In the previous post we checked out Python Setup Cheat Sheet to download and install Python and setup an integrated development environment for Python programming. We installed open source Python distribution Anaconda used for data science. Let's continue setup to build artificial intelligence + machine learning apps.

Let's check it out!


Install VS Code
VS Code is an integrated development environment with useful plugins for Python and Data Science. Install VS Code from Anaconda navigator. Otherwise install VS Code for Windows and Mac OS/X and Linux directly.

Launch VS Code. Install Python extension for Visual Studio Code. Install other plugins for example Remote SSH to connect to Linux VM or Code Runner. Install VS Code Insiders to try pre-release version of VS Code.

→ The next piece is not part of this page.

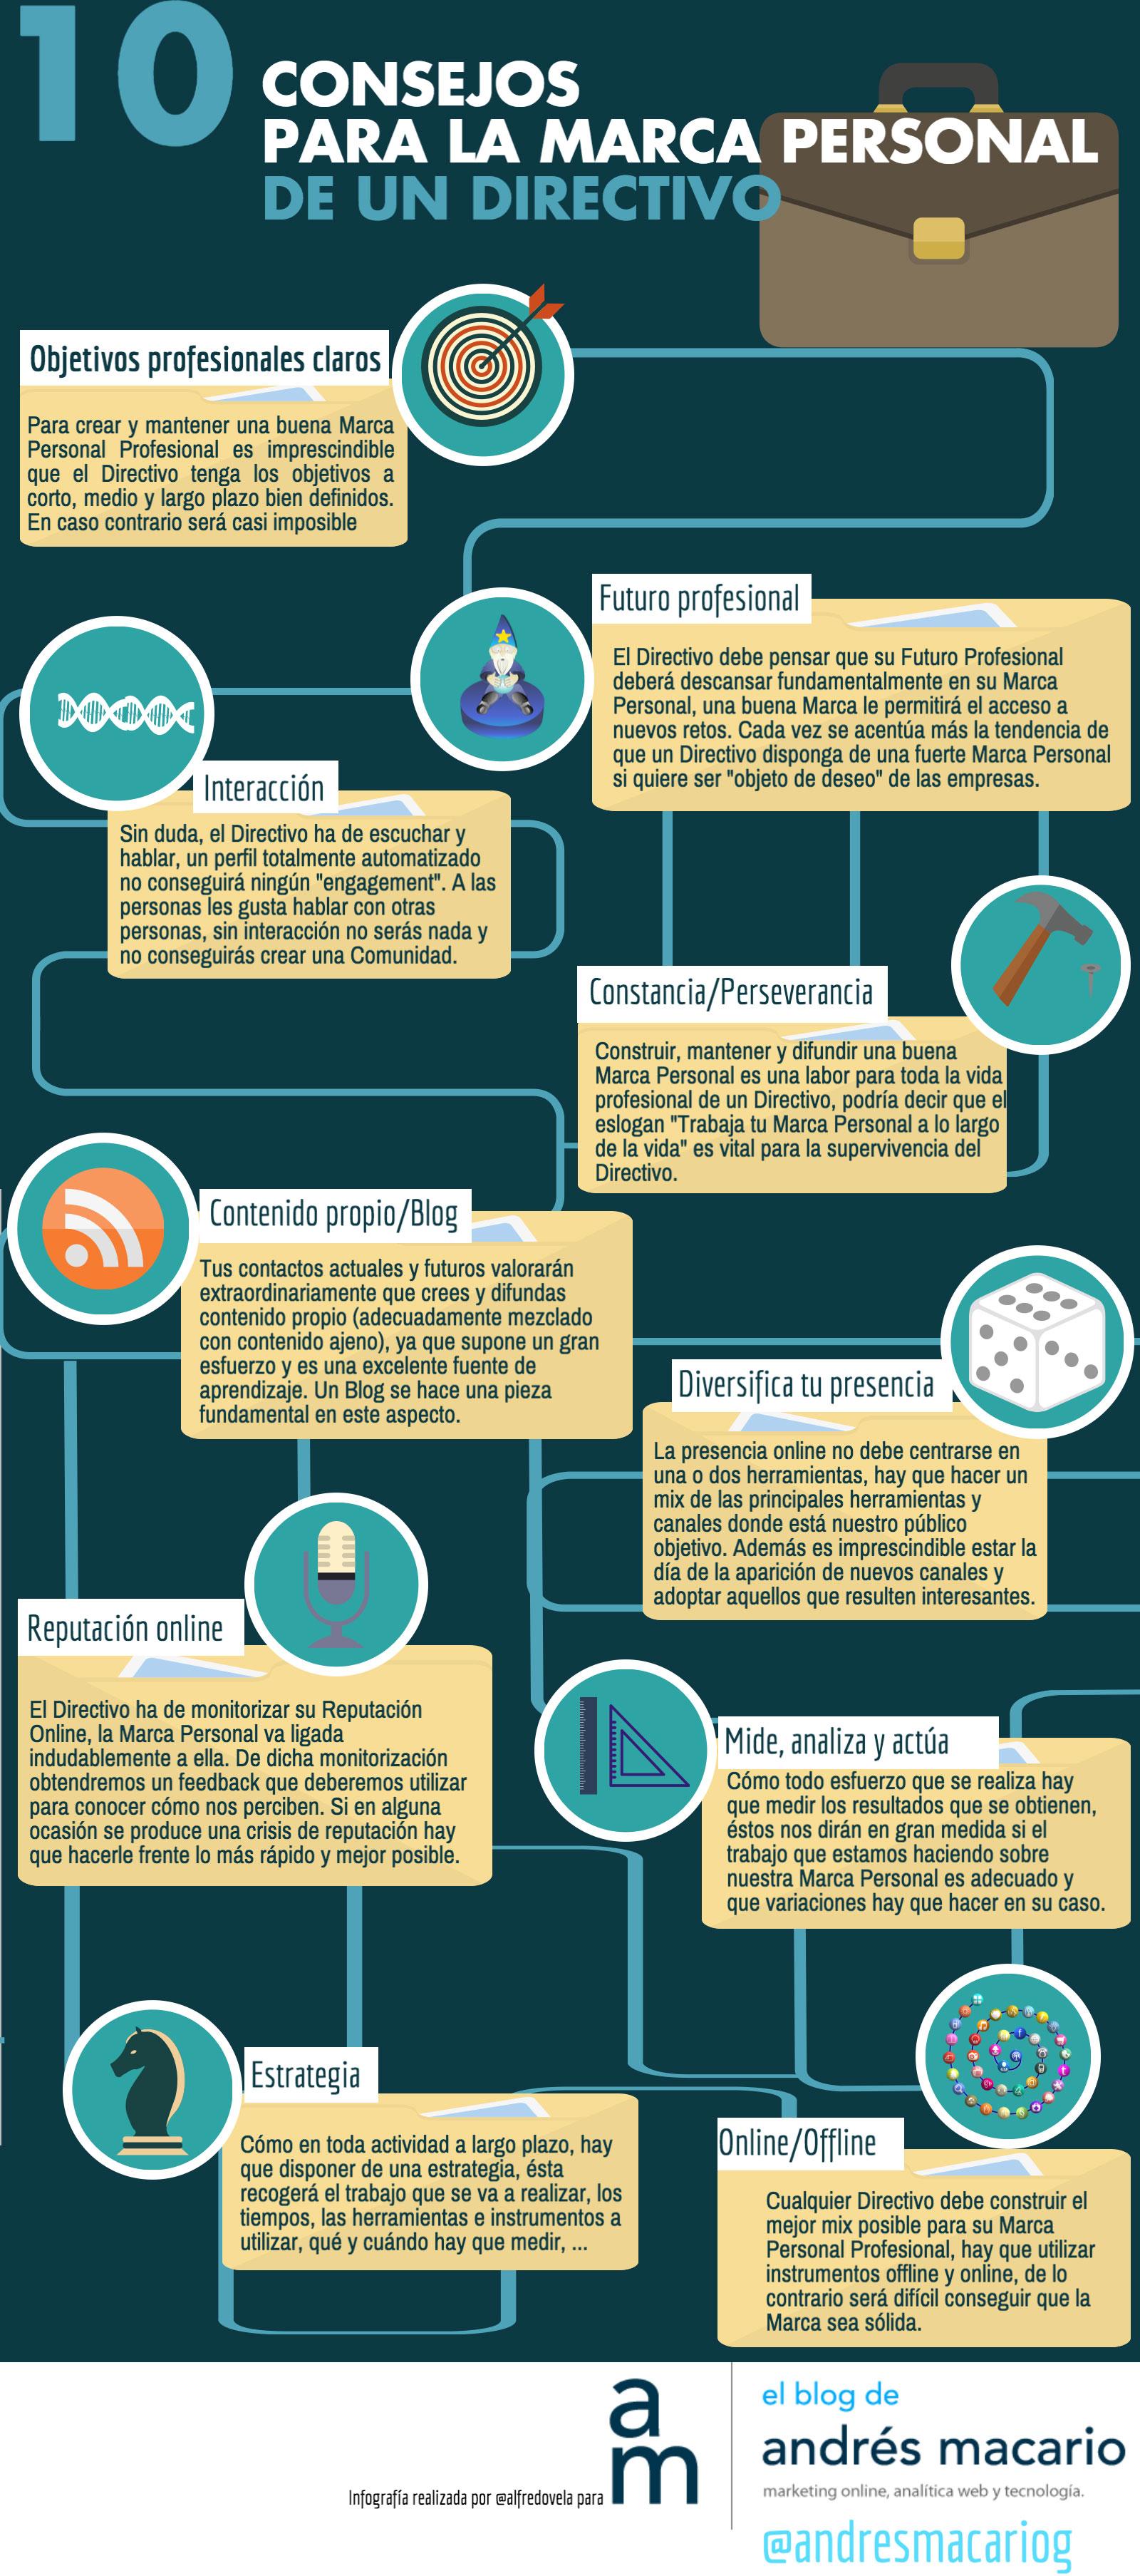 10-consejos-marca-personal-directivo-Andres-Macario-Infografia-Alfredo Vela

Update global settings.json file to your particular preferences. Here are some common VS Code examples:
 SYSTEM  LOCATION
 Windows  %APPDATA%/Code/User/settings.json
 Mac OS/X  ~/Library/Application Support/Code/User/settings.json
 Linux  ~/.config/Code/User/settings.json
Note: VS Code Insiders location replace Code/User/settings.json with Code - Insiders/User/settings.json

settings.json
 {
    "workbench.colorTheme": "Visual Studio Light",
    "window.zoomLevel": 0,
    "editor.trimAutoWhitespace": false,
    "editor.renderIndentGuides": false,
    "editor.roundedSelection": false,
    "editor.suggestSelection": "first",
    "python.dataScience.sendSelectionToInteractiveWindow": true,
    "python.jediEnabled": false,
    "code-runner.clearPreviousOutput": true,
    "code-runner.runInTerminal": true,
    "code-runner.showExecutionMessage": false,
    "code-runner.respectShebang": false,
    "code-runner.defaultLanguage": "python3",
 }

 Windows  Mac OS/X + Linux
 {
    "python.pythonPath": "%USERPROFILE%/Anaconda3/python.exe",
    "code-runner.executorMap": {
        "python": "python.exe",
        "python.pythonPath": "%USERPROFILE%/Anaconda3",
    },
 }
 {
    "python.pythonPath": "/anaconda3/bin/python",
    "code-runner.executorMap": {
        "python": "python",
        "python.pythonPath": "/anaconda3/bin",
    },
 }


Hello VS Code
Create folder "HelloVScode". Launch VS Code. File | Open Folder | HelloVScode | Select Folder. Create simple "HelloWorld.py" file. Enter simple code print('Hello World'). Press F5 to debug Python script. Customize Run + Debug click "create a launch.json file". Click Python File: Debug the currently active Python file. Press F5.

IMPORTANT
Press Ctrl + Shift + P | Python: Select Interpreter. If creates new workspace settings.json + override Python interpreter user settings.json then do not check python.pythonPath into source control when deploying cross platform.

Virtual Environment
Unlike PyCharm, VS Code does not automagically create an isolated Python environment for new projects. Therefore, follow all instructions here to setup and activate virtual environment for Python using VS Code.

CommandNotFoundError
When running Python script using Anaconda you may get error CommandNotFoundError: Your shell has not been properly configured to use 'conda activate'. Terminal | Click "+" | Spawn new Terminal default "Conda".

Code Runner
Automate process by installing Code Runner plugin. Press F1 | Run Code first time to set Output to "Code". Ensure entries above in user settings.json for fast turnaround. Press Ctrl + Alt + N for each subsequent run!

IMPORTANT
On Mac OS/X if Ctrl + Alt + N does not work then you may have to swap Ctrl for Cmd in keybindings.json:
~/Library/Application Support/Code/User/keybindings.json
// Place your key bindings in this file to override the defaultsauto[]
[
    {
        "key": "cmd+alt+n",
        "command": "code-runner.run"
    },
    {
        "key": "cmd+alt+n",
        "command": "-code-runner.run"
    }
]


Code Sample
Let's test drive develop a simple code sample as a Python module that could be deployed as Python package.

IMPORTANT
A module is a single Python script file whereas a package is a collection of modules. A package is a directory of Python modules containing an additional __init__.py file to distinguish from a directory of Python scripts.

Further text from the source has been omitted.